* Task to carry out
Because the copy must hold no pictures, return the data below with all of its words intact.

* Exercise data

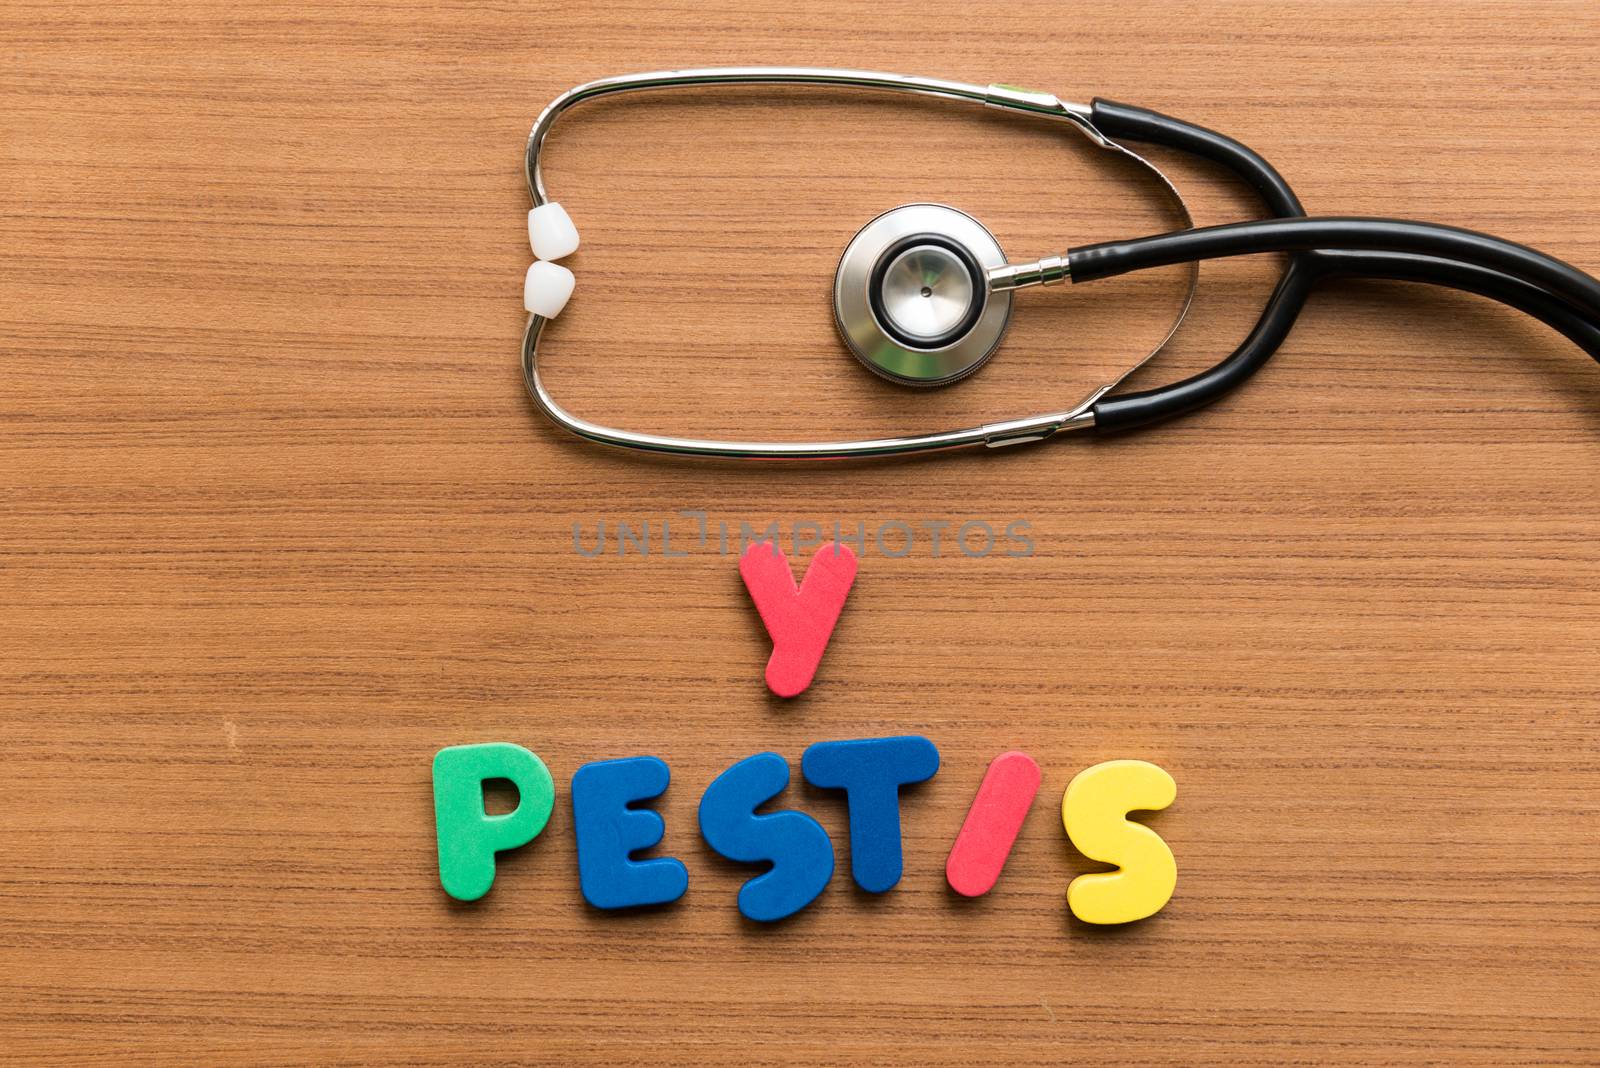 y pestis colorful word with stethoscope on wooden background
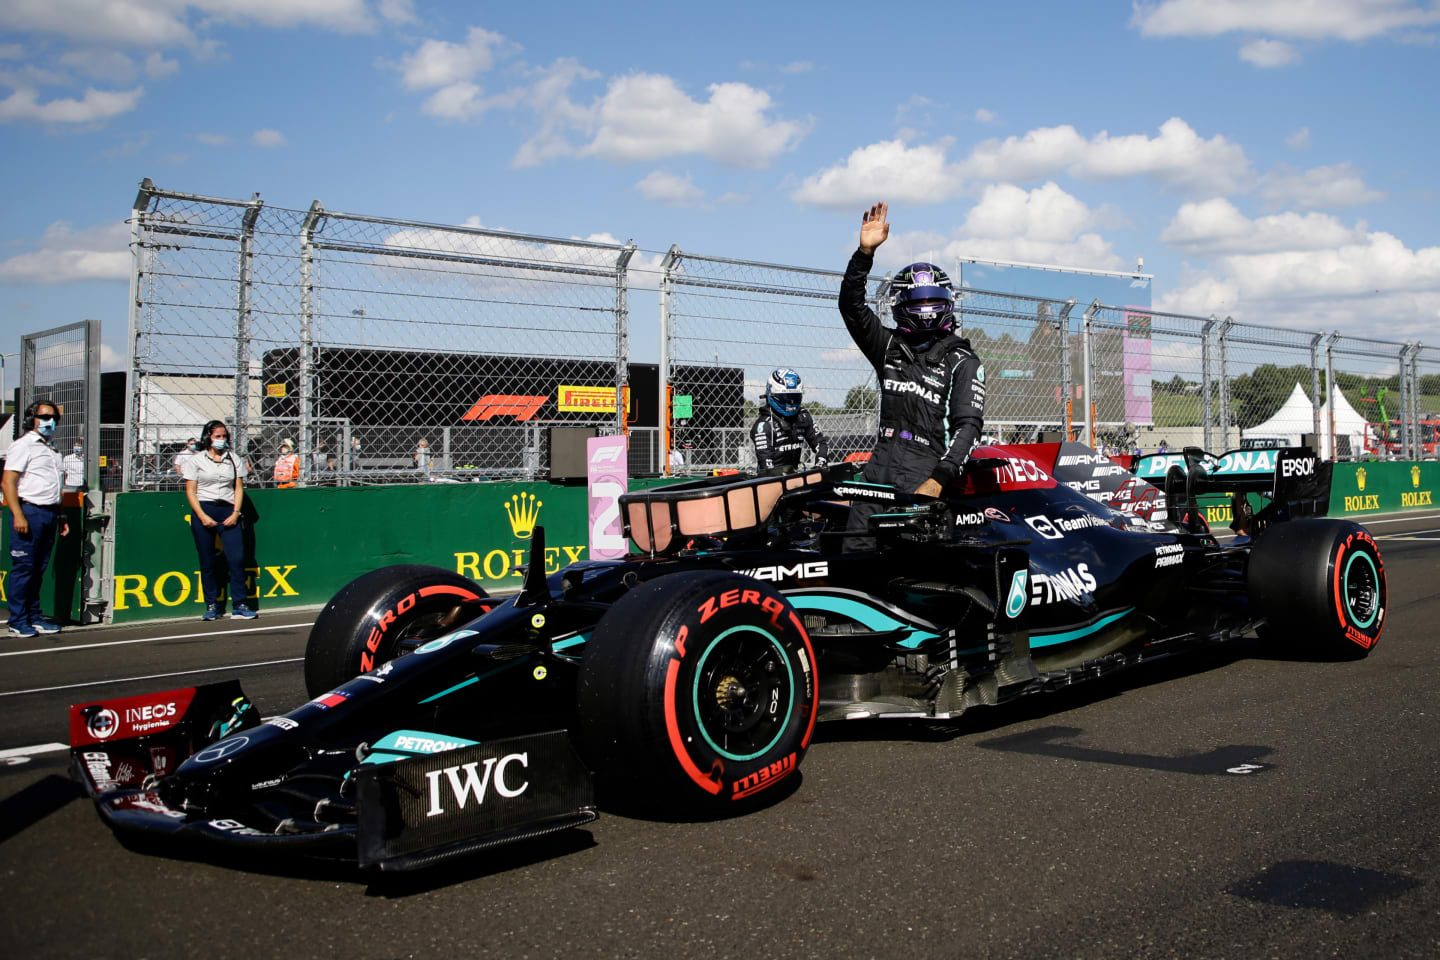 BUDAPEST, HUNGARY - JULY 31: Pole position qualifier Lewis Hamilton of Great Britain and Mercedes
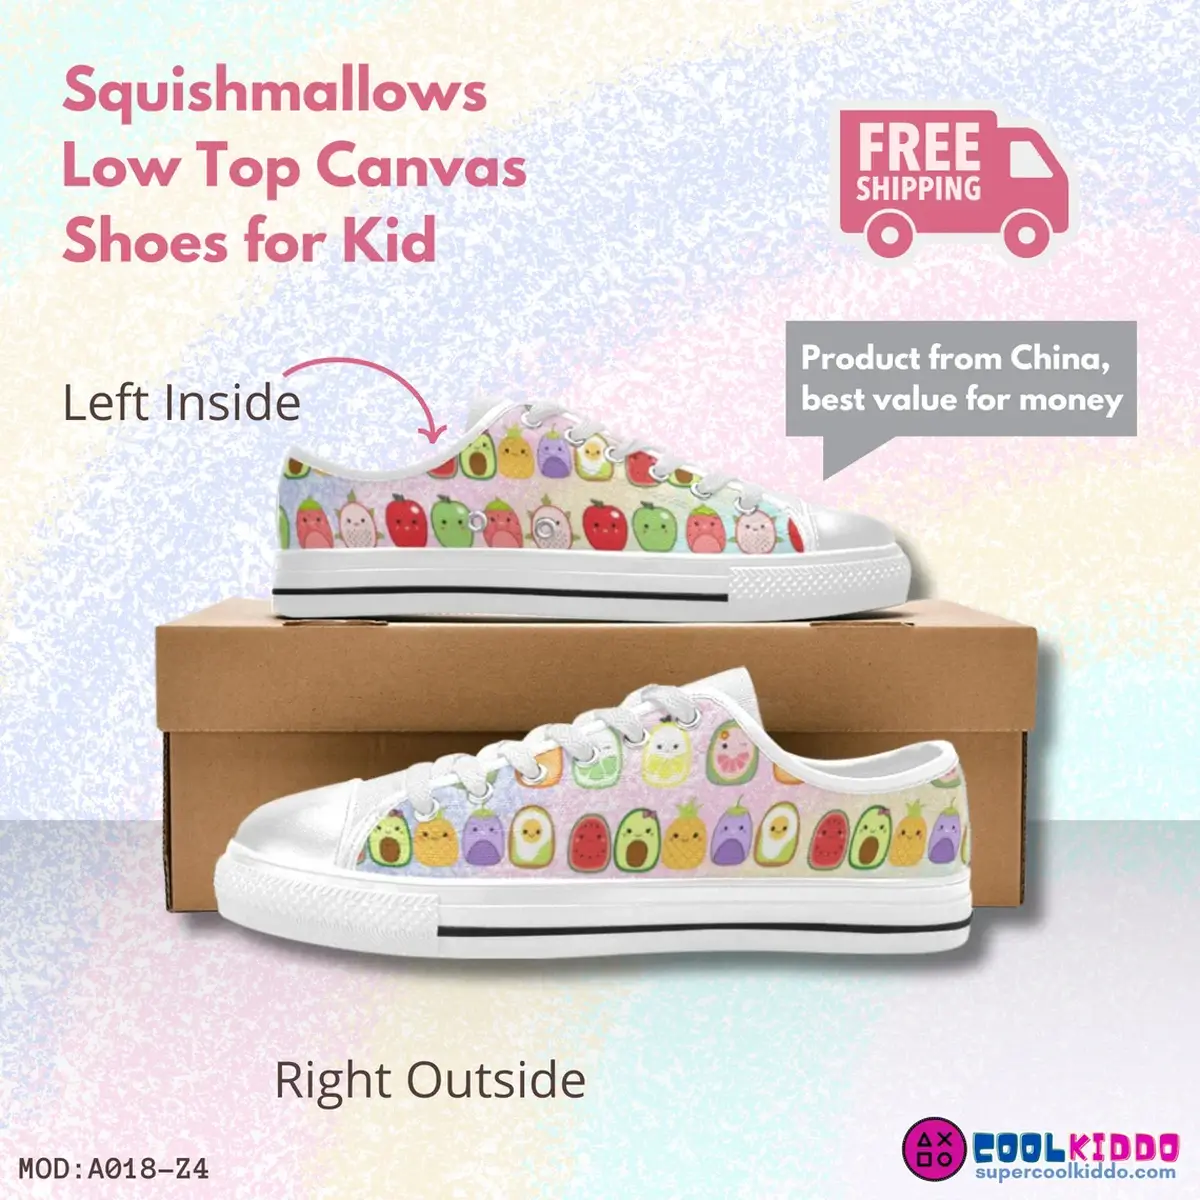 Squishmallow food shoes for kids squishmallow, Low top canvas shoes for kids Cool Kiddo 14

* Solution to this problem
 y pestis colorful word with stethoscope on wooden background
 BUDAPEST, HUNGARY - JULY 31: Pole position qualifier Lewis Hamilton of Great Britain and Mercedes
 Squishmallow food shoes for kids squishmallow, Low top canvas shoes for kids Cool Kiddo 14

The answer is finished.